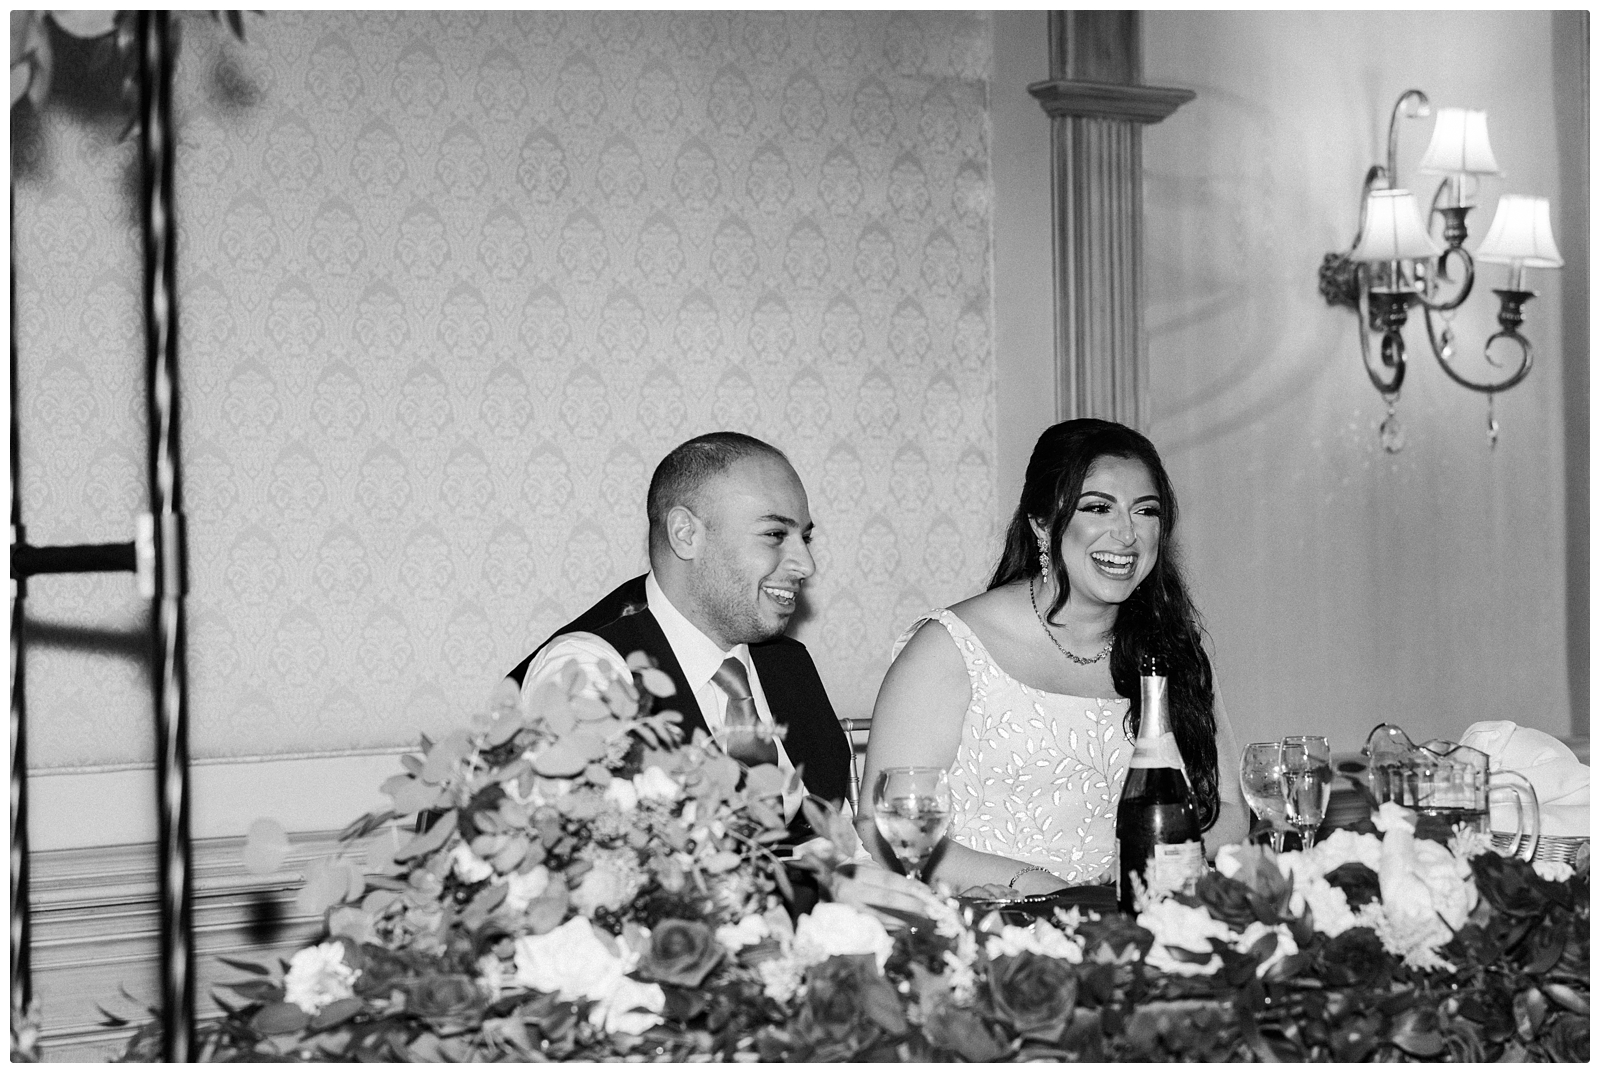 Petruzello's wedding reception
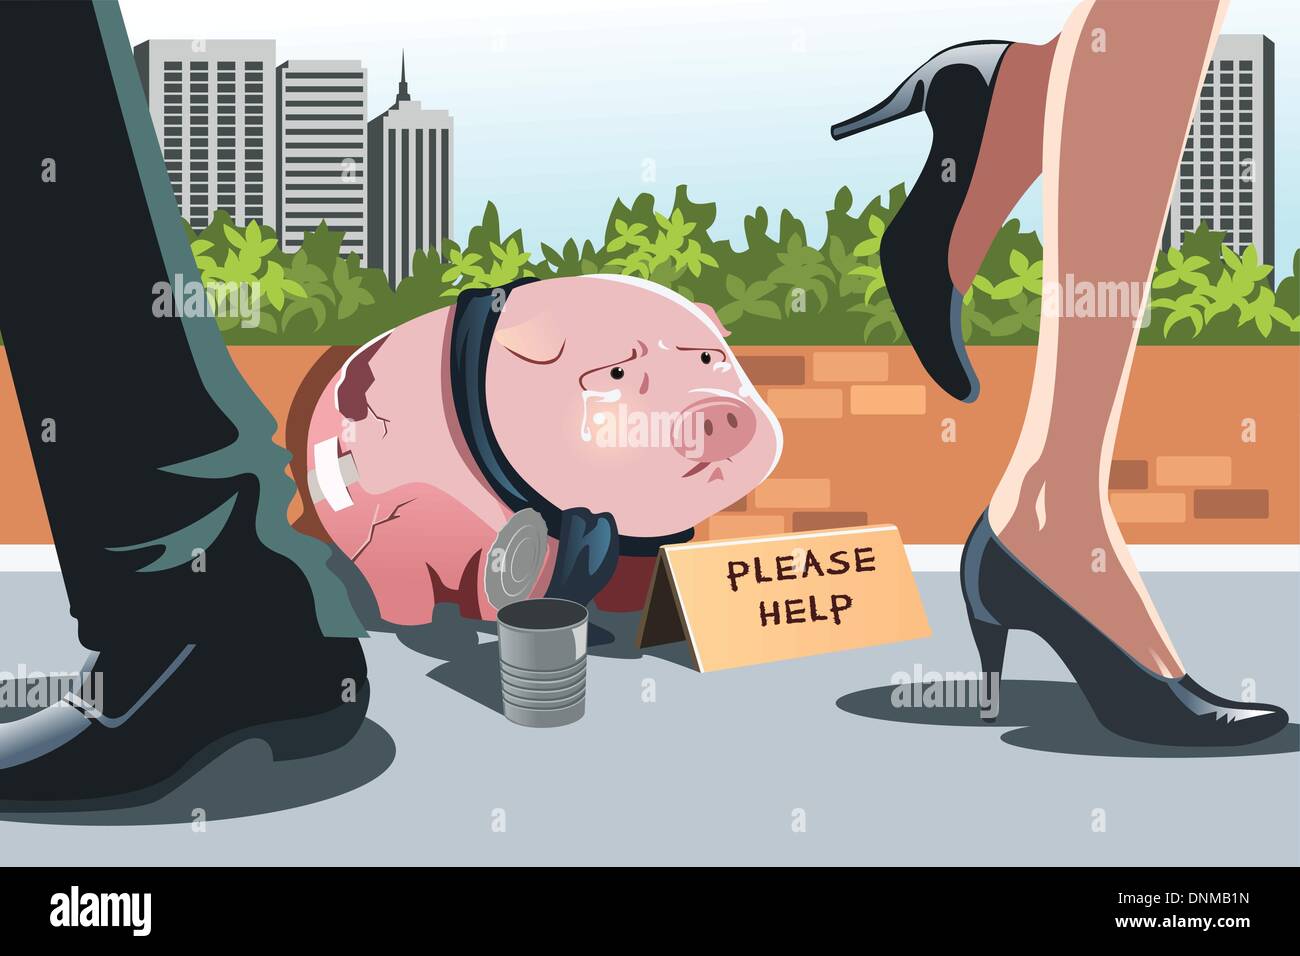 Una illustrazione vettoriale di un salvadanaio panhandling sul marciapiede, può essere utilizzata per rappresentare il concetto di crisi finanziaria o rec Illustrazione Vettoriale
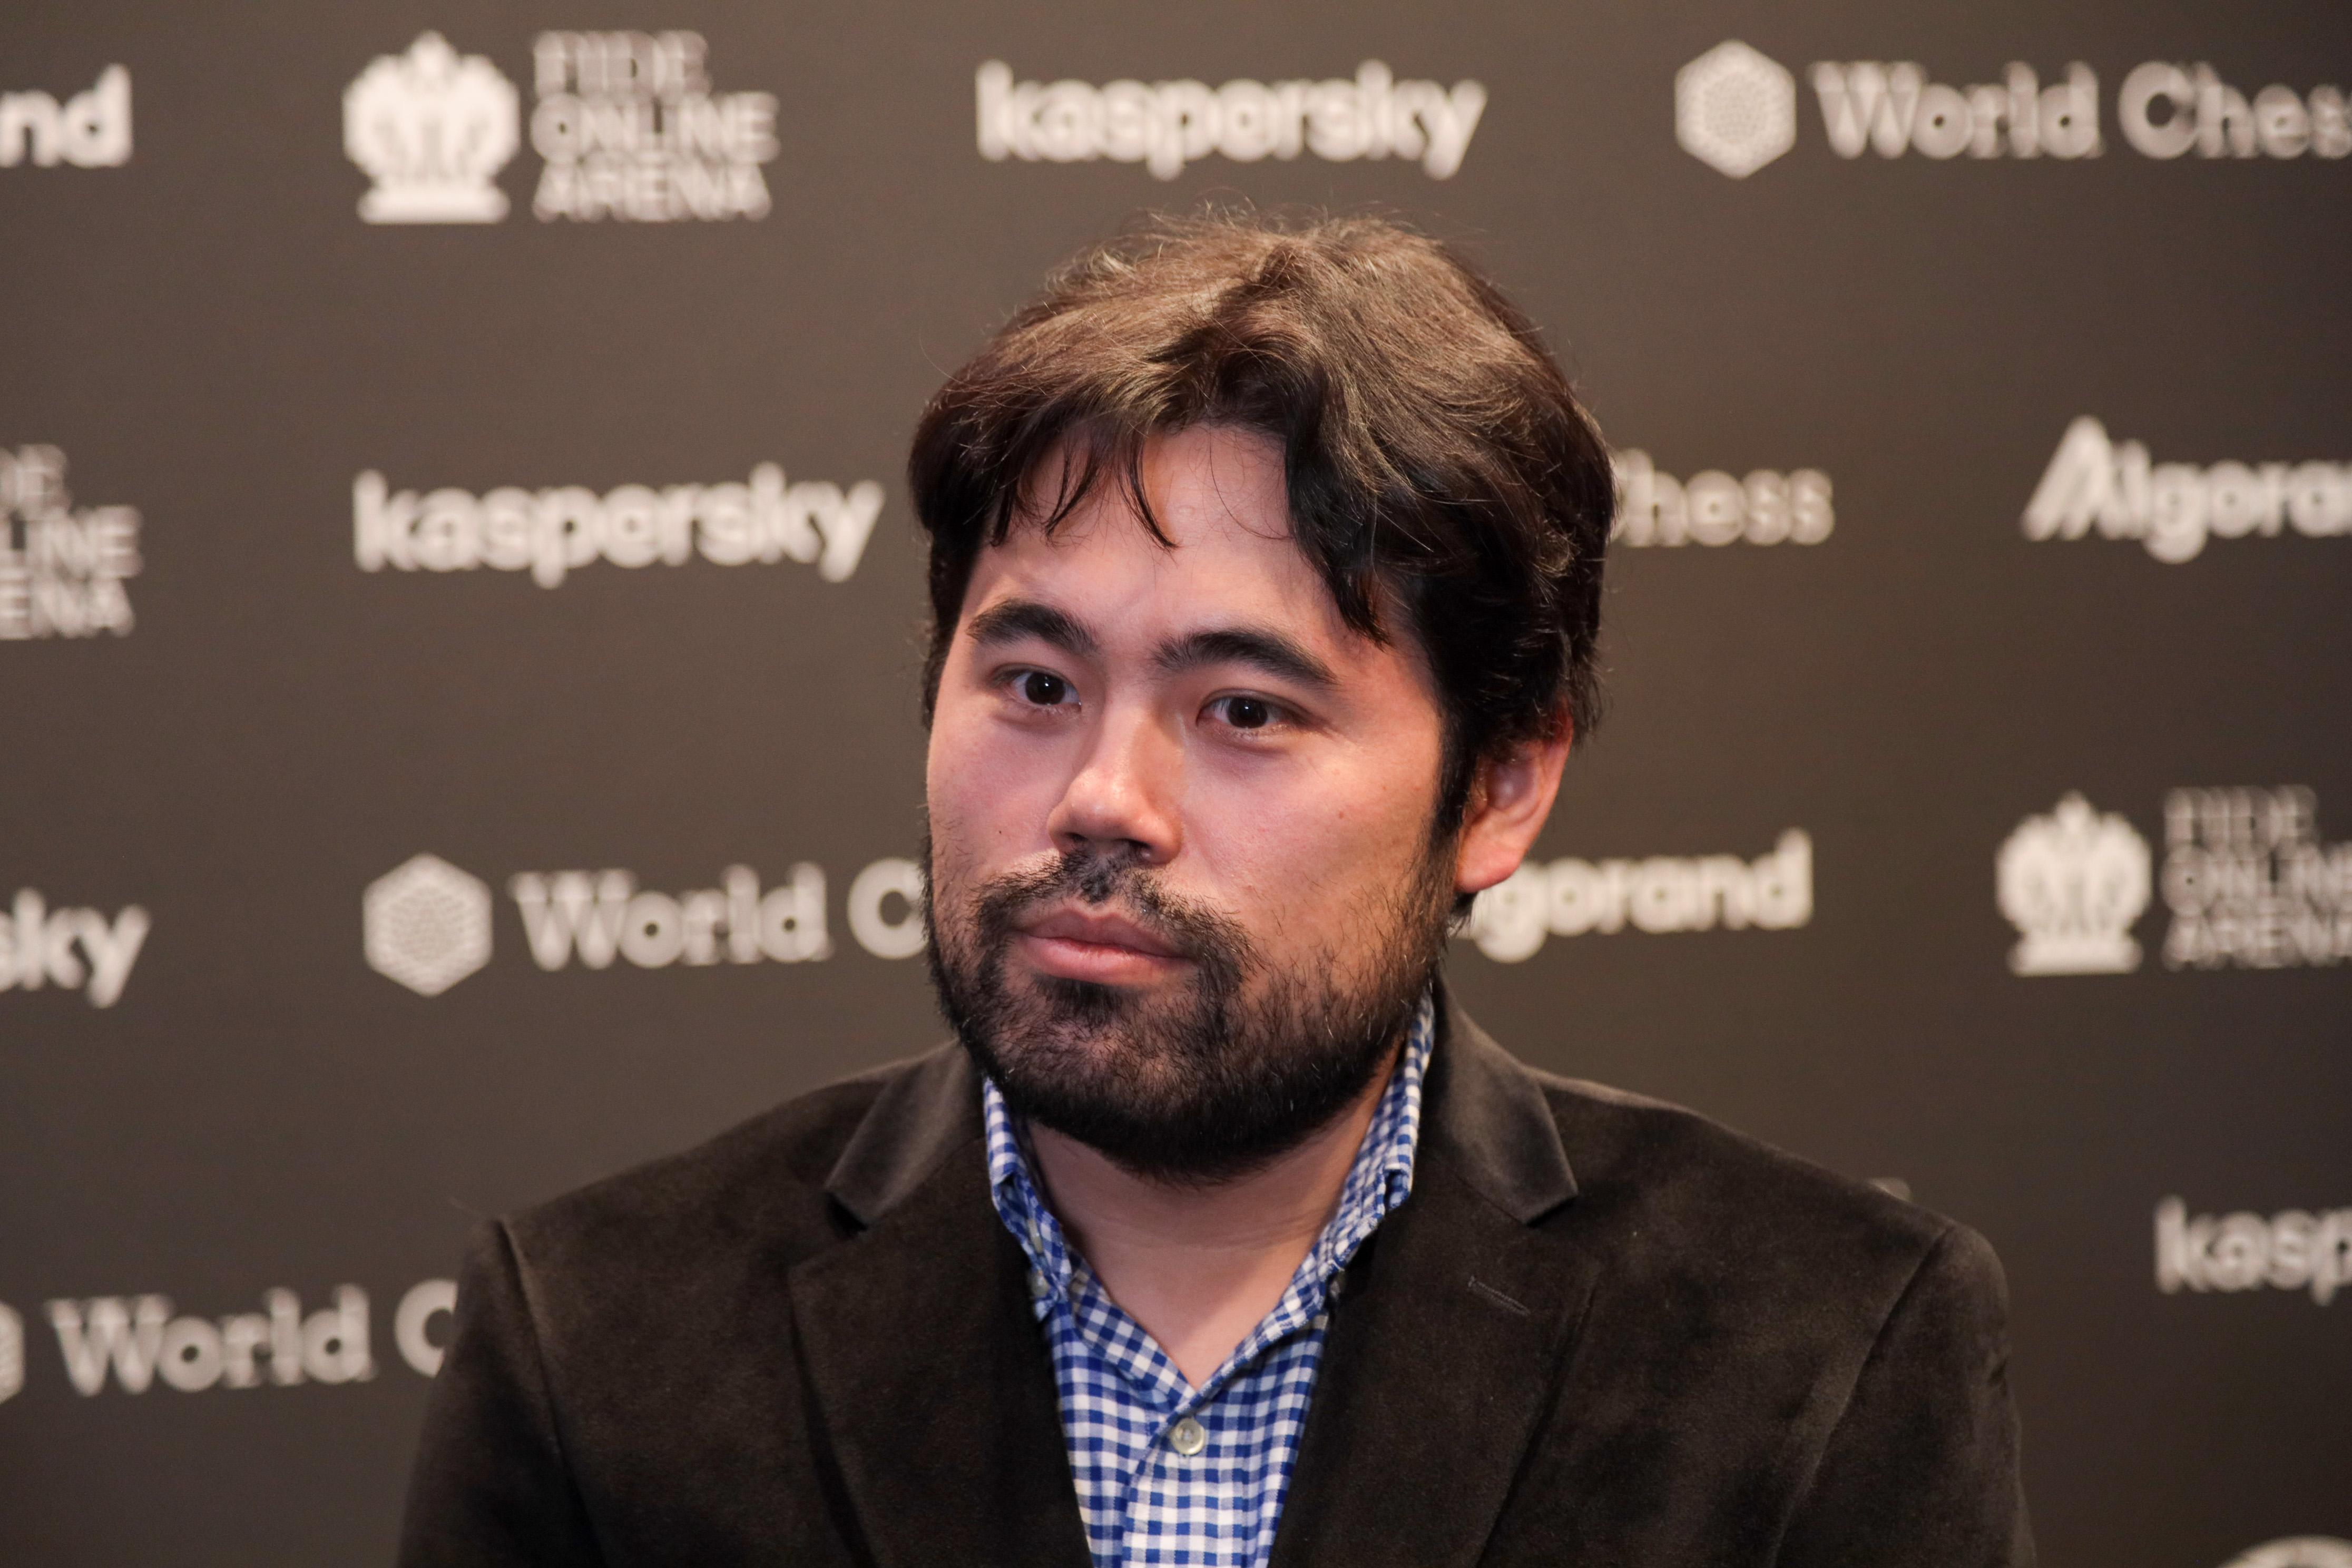 2022 FIDE Grand Prix Berlin Final: Nakamura Wins First Leg After 2-0  Tiebreak Sweep 
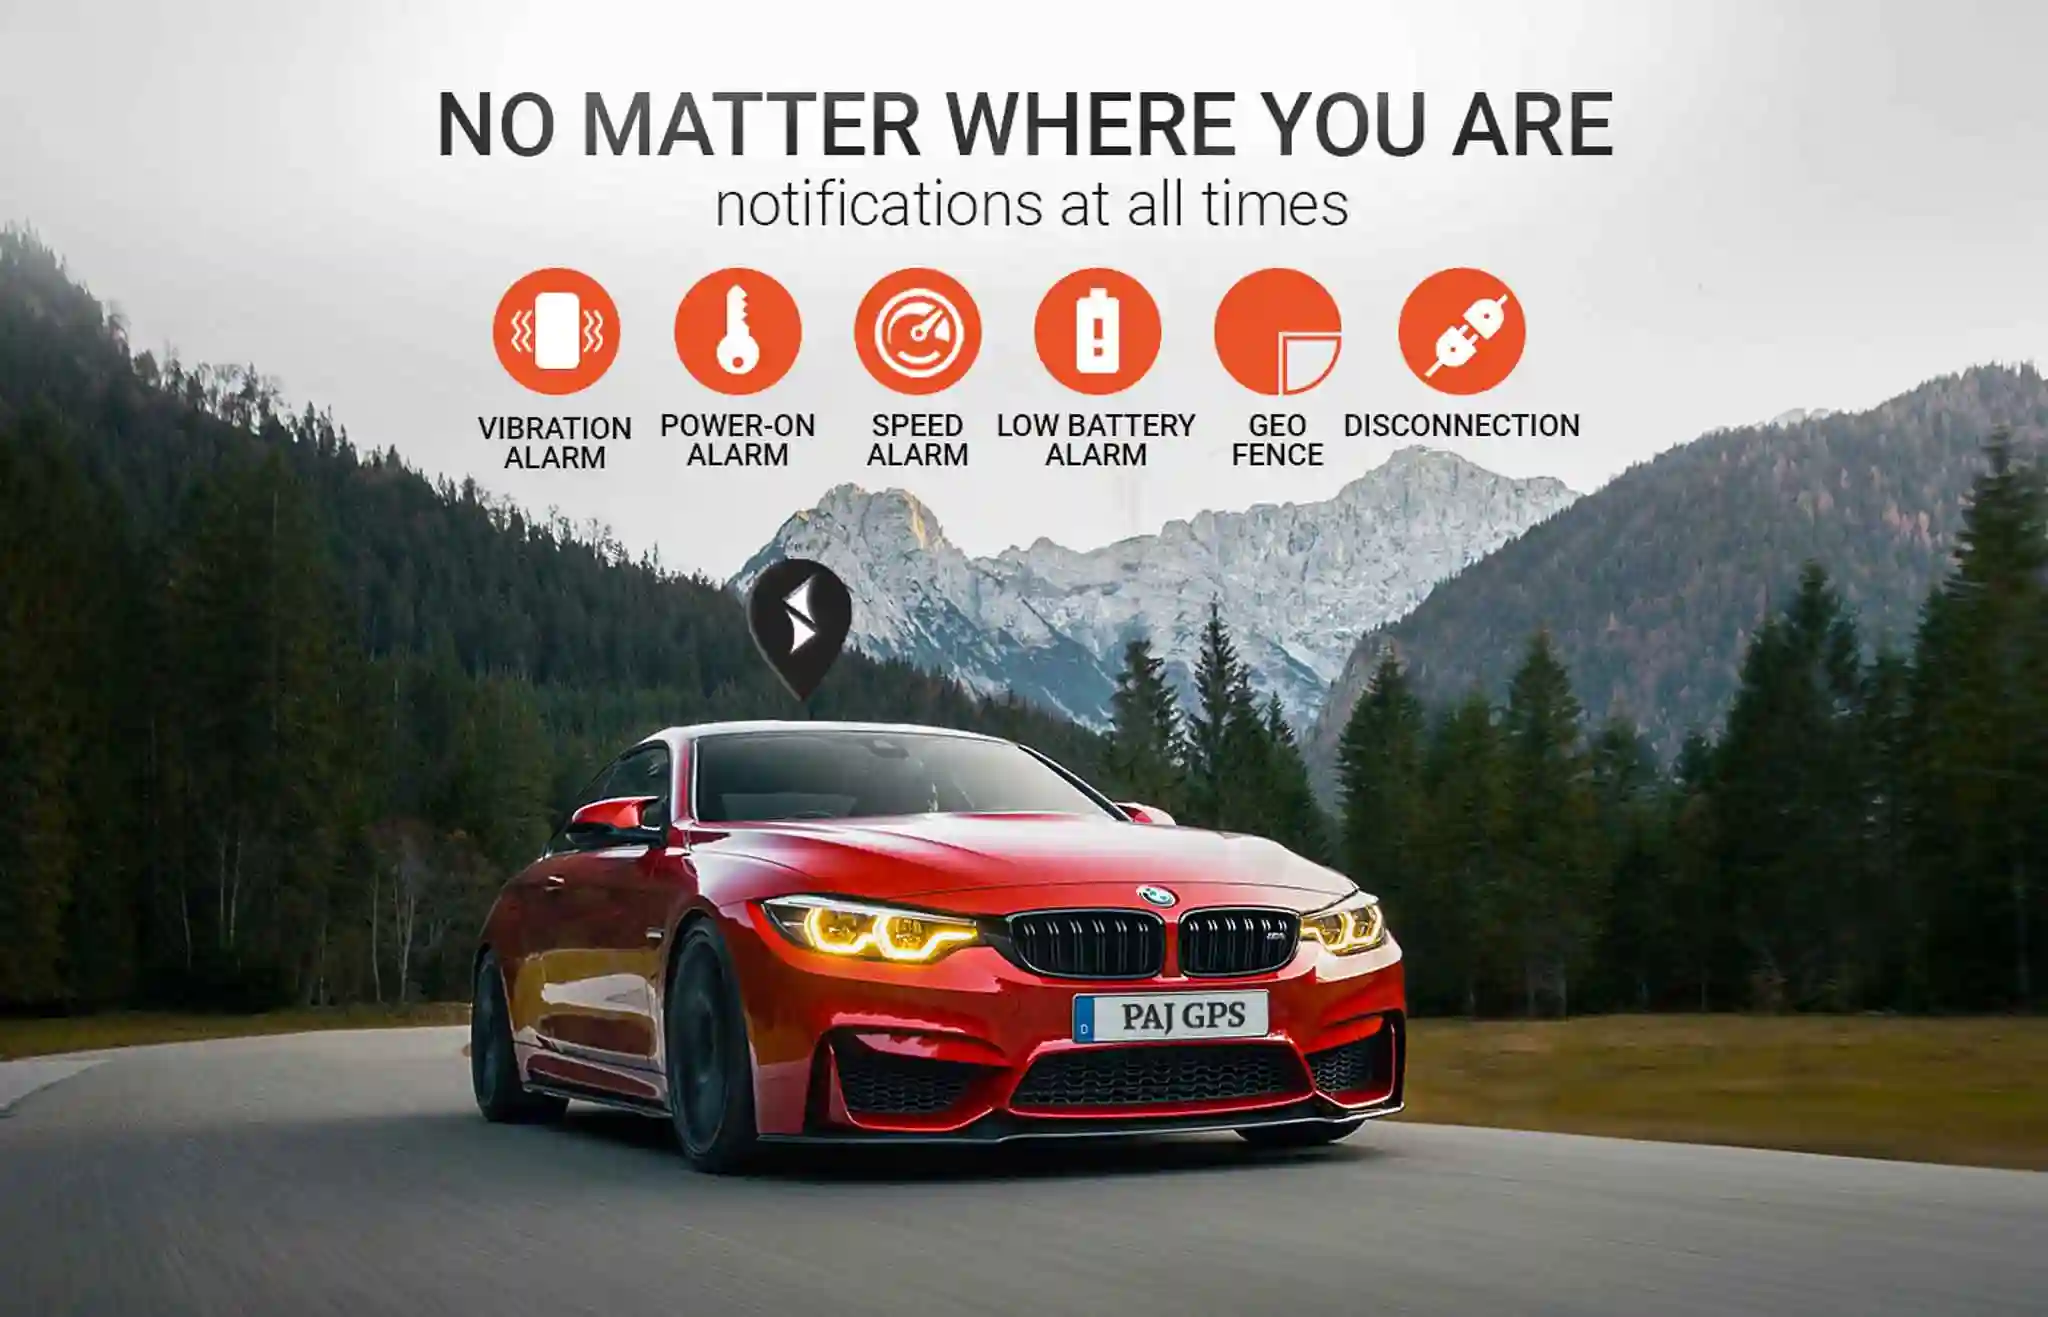 PAJ GPS POWER Finder – GPS Tracker per auto, moto, camion, Loccalizzatore con  App con batteria a lunga durata per un tracciamento in tempo reale e  affidabile - Tracciamento live tramite App

════════

Work item = Repeat, word for word and with no pictures, only the lines running from the beginning of the data to the line that contains "Una illustrazione vettoriale".

Your response =
 Petruzello's wedding reception
 Una illustrazione vettoriale di un salvadanaio panhandling sul marciapiede, può essere utilizzata per rappresentare il concetto di crisi finanziaria o rec Illustrazione Vettoriale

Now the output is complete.